Corcoran is marketing single-family brick townhouse 28 2nd St. for an asking price of $3.3 million and single-family brownstone 48 2nd Place for an asking price of $3.2 million.

Douglas Elliman is marketing single-family 8 4th Place for a $2.999 million asking price and four-family 148 Summit St. for a $2.891 million asking price.

Completed residential sales have brought solid sums.

The Stella Lopresti Trust and the Mary Lopresti Trust sold 238 Carroll St. last year for $2.5 million to RM Family Realty LLC, according to Finance Department records. Ellen Marks is a member of the purchasing LLC, the records indicate. Now the five-unit apartment building across from Carroll Park is undergoing a renovation.

Timothy Reilley and Sarah Meyer bought 305A President St. for $2.38 million last year from Suzanne Malvasio, Finance Department records indicate. Renovation is also underway on this four-story, two-family brownstone.

The neighborhood’s rental apartments are sought after as well — even ones thisclose to the elevated line where the F train runs.

“The first couple months I said, ‘I’m moving,’” recalled Richard Flagg, who rents an apartment at 205 Luquer St., which is separated from the train tracks by a narrow parking lot. “Now I don’t hear it.”

Flagg moved to Carroll Gardens 15 years ago from upstate New York.

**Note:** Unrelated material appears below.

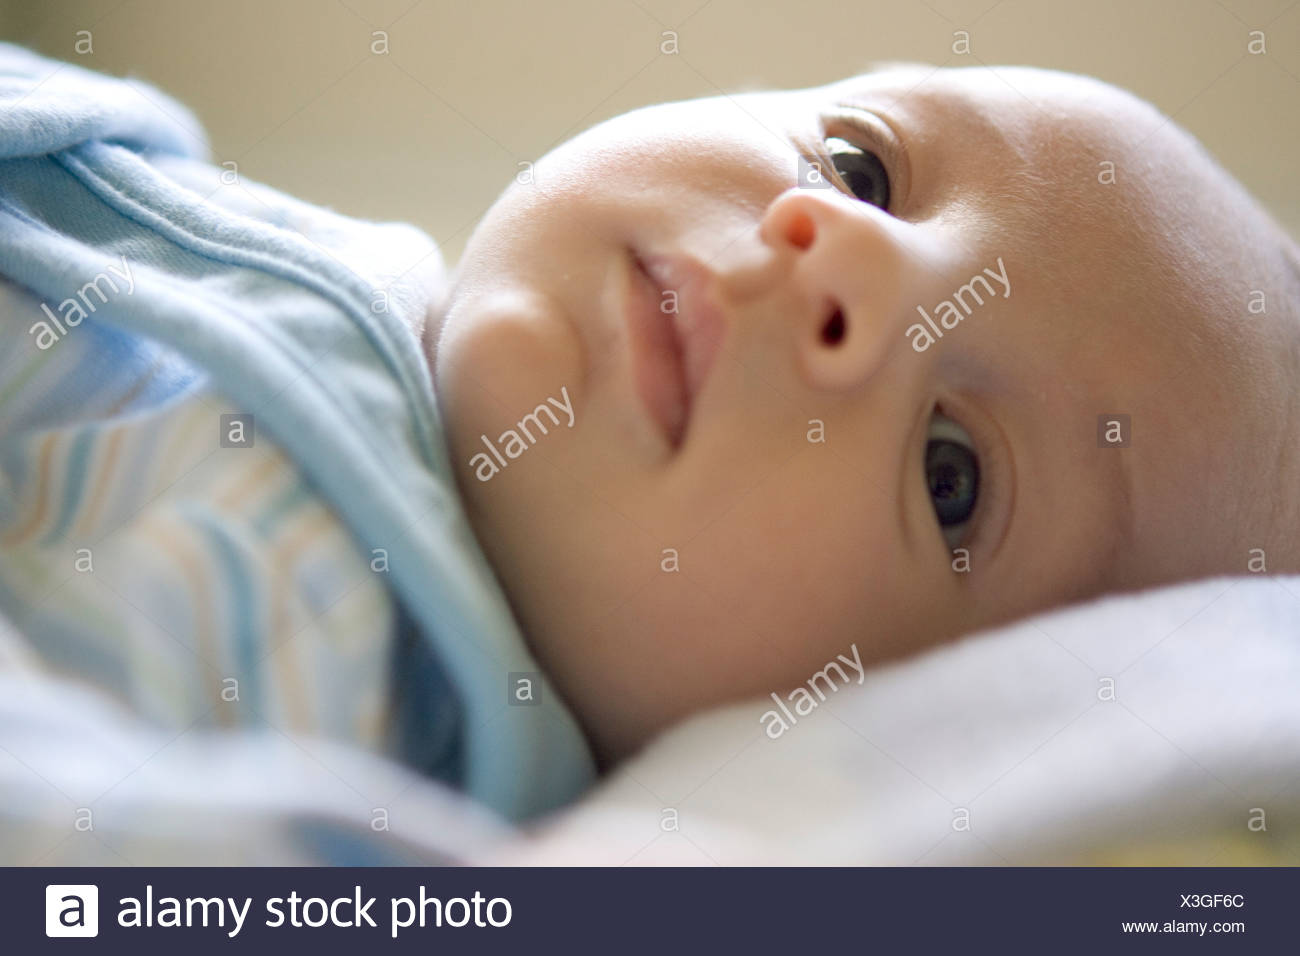 Close up of newborn's face - Stock Image

“I was single again. I wanted to be somewhere where the juice is flowing,” he said.

He’s got great neighbors. He and a dozen or so of them, all Jets fans, travel to the team’s games in an RV.  

His rent for his 950-square-foot apartment is cheap, he said — he has been in the building for a long time.

Two apartments at 205 Luquer were rented for an average $2,500 per month in the last 180 days, according to real estate site StreetEasy.com.

The end of Luquer Street where Flagg lives is referenced in one of the summer’s hot novels, “We Are Not Ourselves” by Matthew Thomas. See related story.

A representative sampling of Carroll Gardens apartments currently on the rental market includes an $1,800-per-month studio, a one-bedroom for $2,600 per month, a $3,200-per-month two-bedroom and a three-bedroom for $4,170 per month, according to real estate site Zillow.com.